TASK DIRECTIONS:
Retype exactly the span of lines below from the one with "The Complete Mitochondrial" through the one with "Georgian Ship Ahoy, Antique". Do not include pictures.

THE DATA:
###

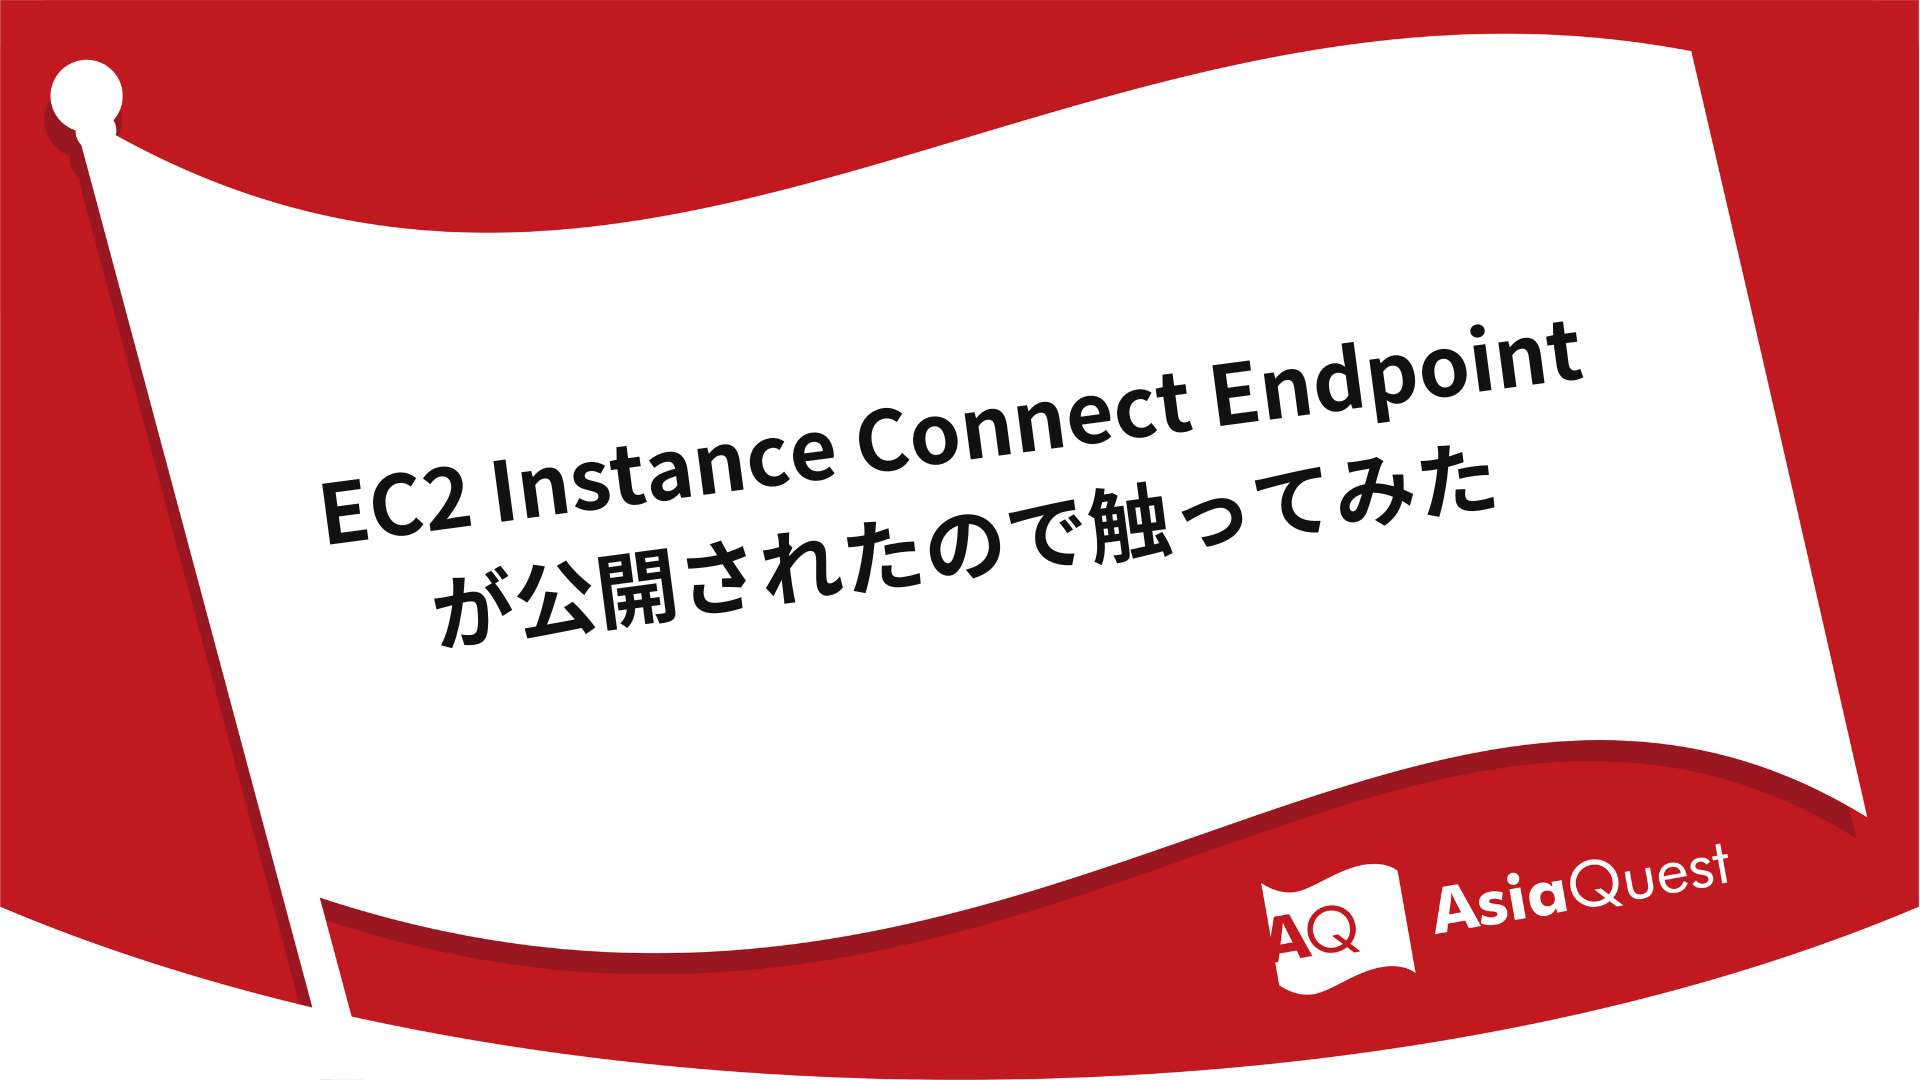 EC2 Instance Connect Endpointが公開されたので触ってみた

###

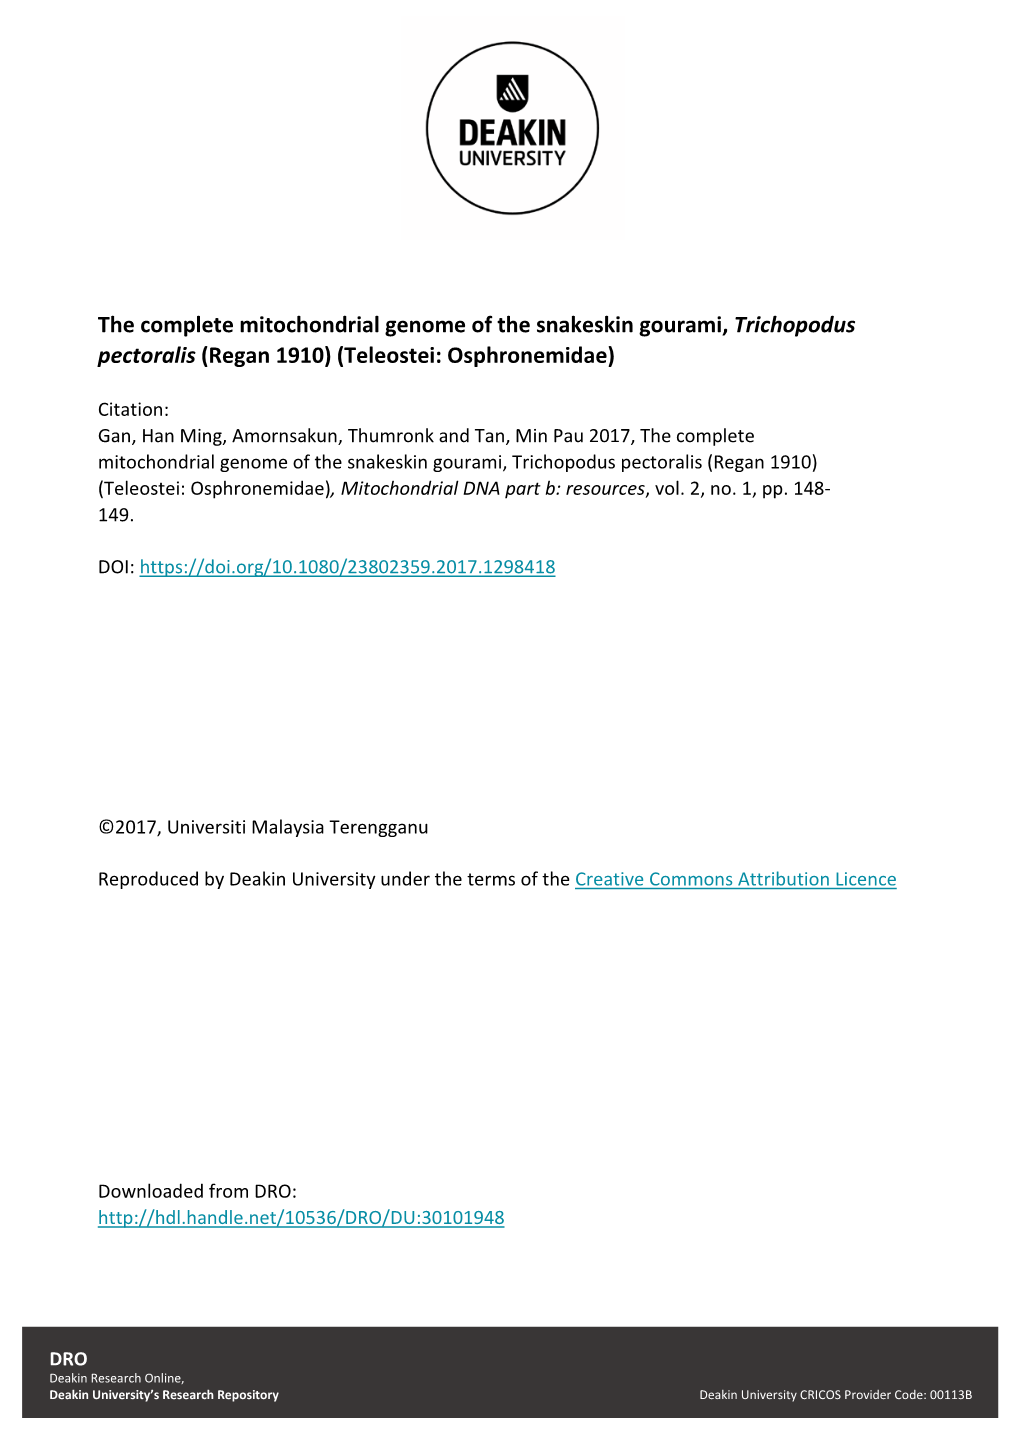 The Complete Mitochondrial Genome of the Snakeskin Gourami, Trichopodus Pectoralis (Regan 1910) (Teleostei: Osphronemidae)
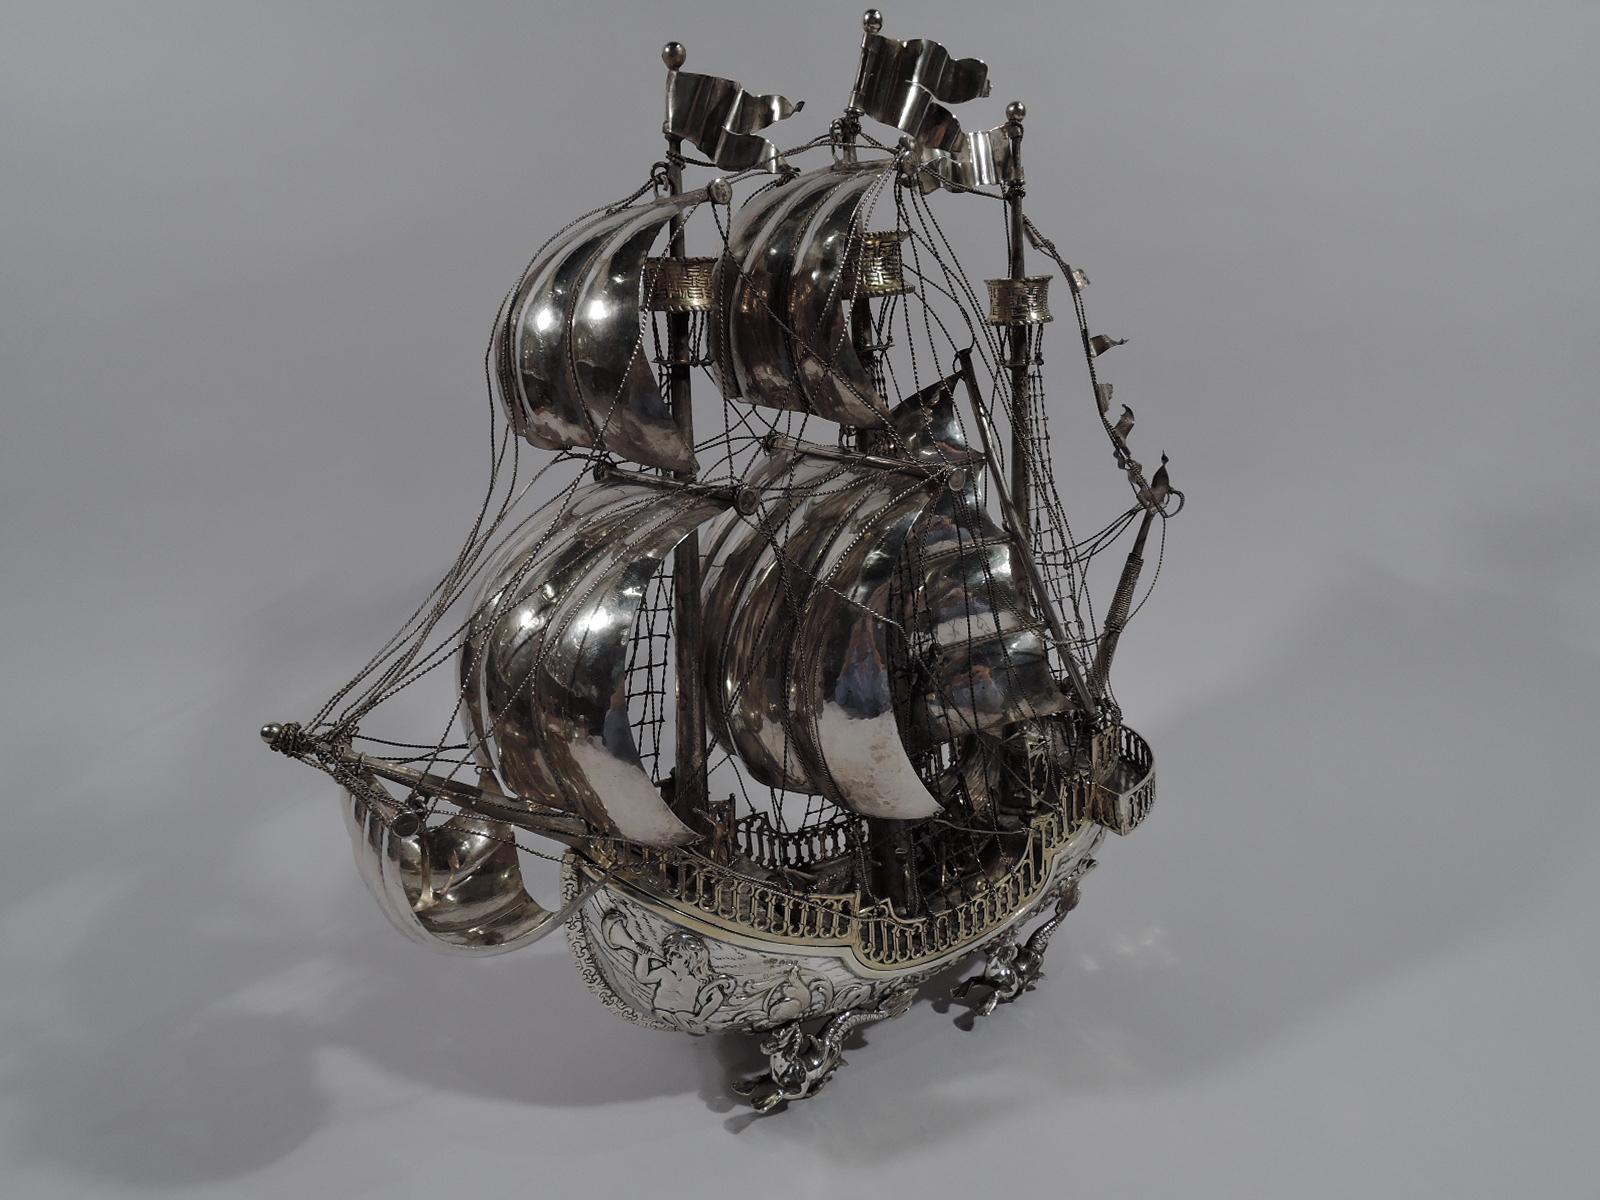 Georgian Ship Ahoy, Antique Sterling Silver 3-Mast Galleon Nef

###

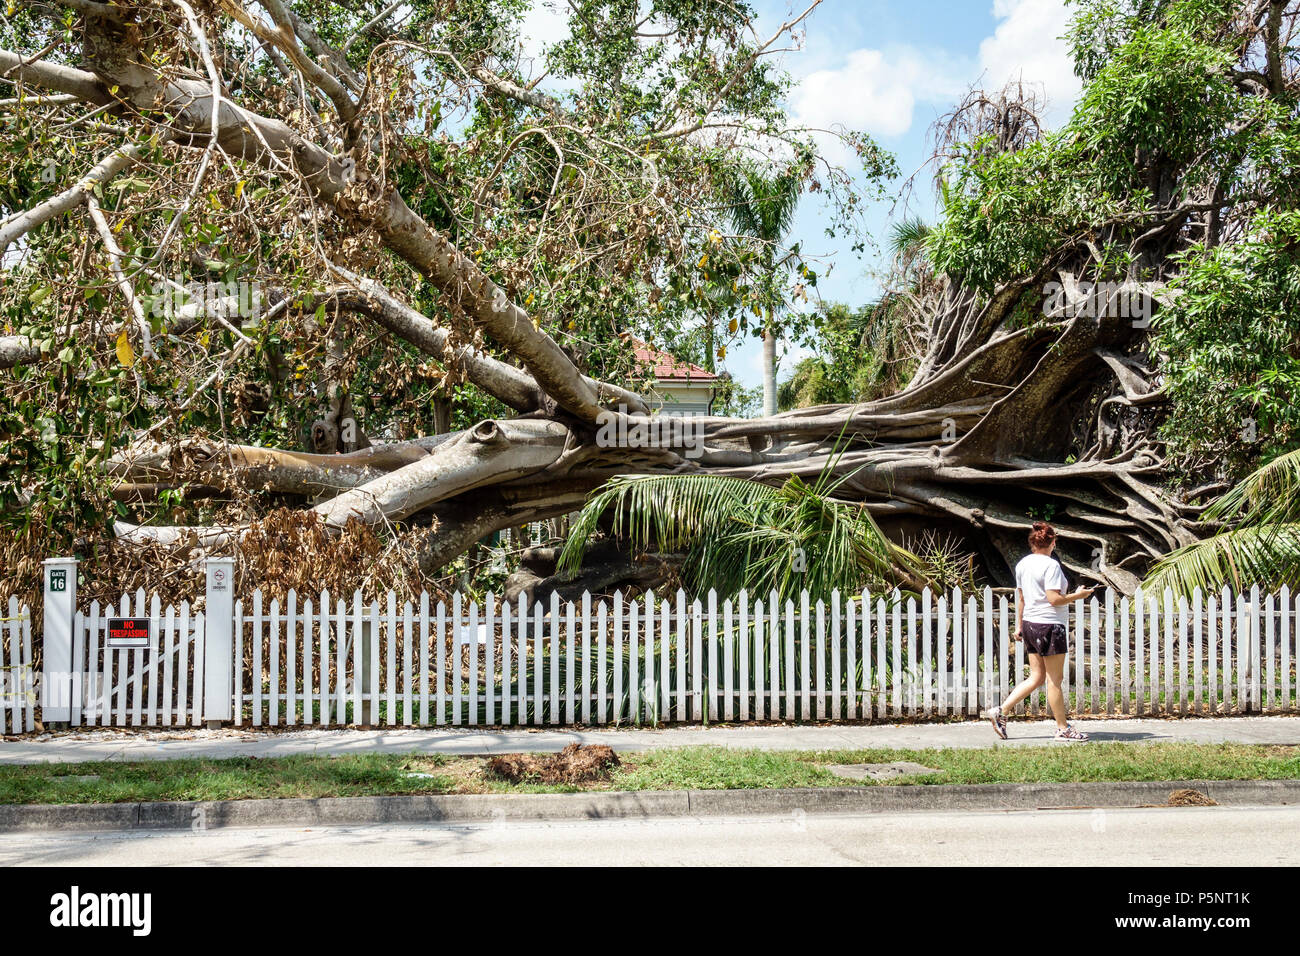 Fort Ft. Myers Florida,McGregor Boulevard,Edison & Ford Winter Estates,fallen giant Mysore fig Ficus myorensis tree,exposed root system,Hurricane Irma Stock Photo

###

ANSWER TO THE PROBLEM:
 The Complete Mitochondrial Genome of the Snakeskin Gourami, Trichopodus Pectoralis (Regan 1910) (Teleostei: Osphronemidae)
 Georgian Ship Ahoy, Antique Sterling Silver 3-Mast Galleon Nef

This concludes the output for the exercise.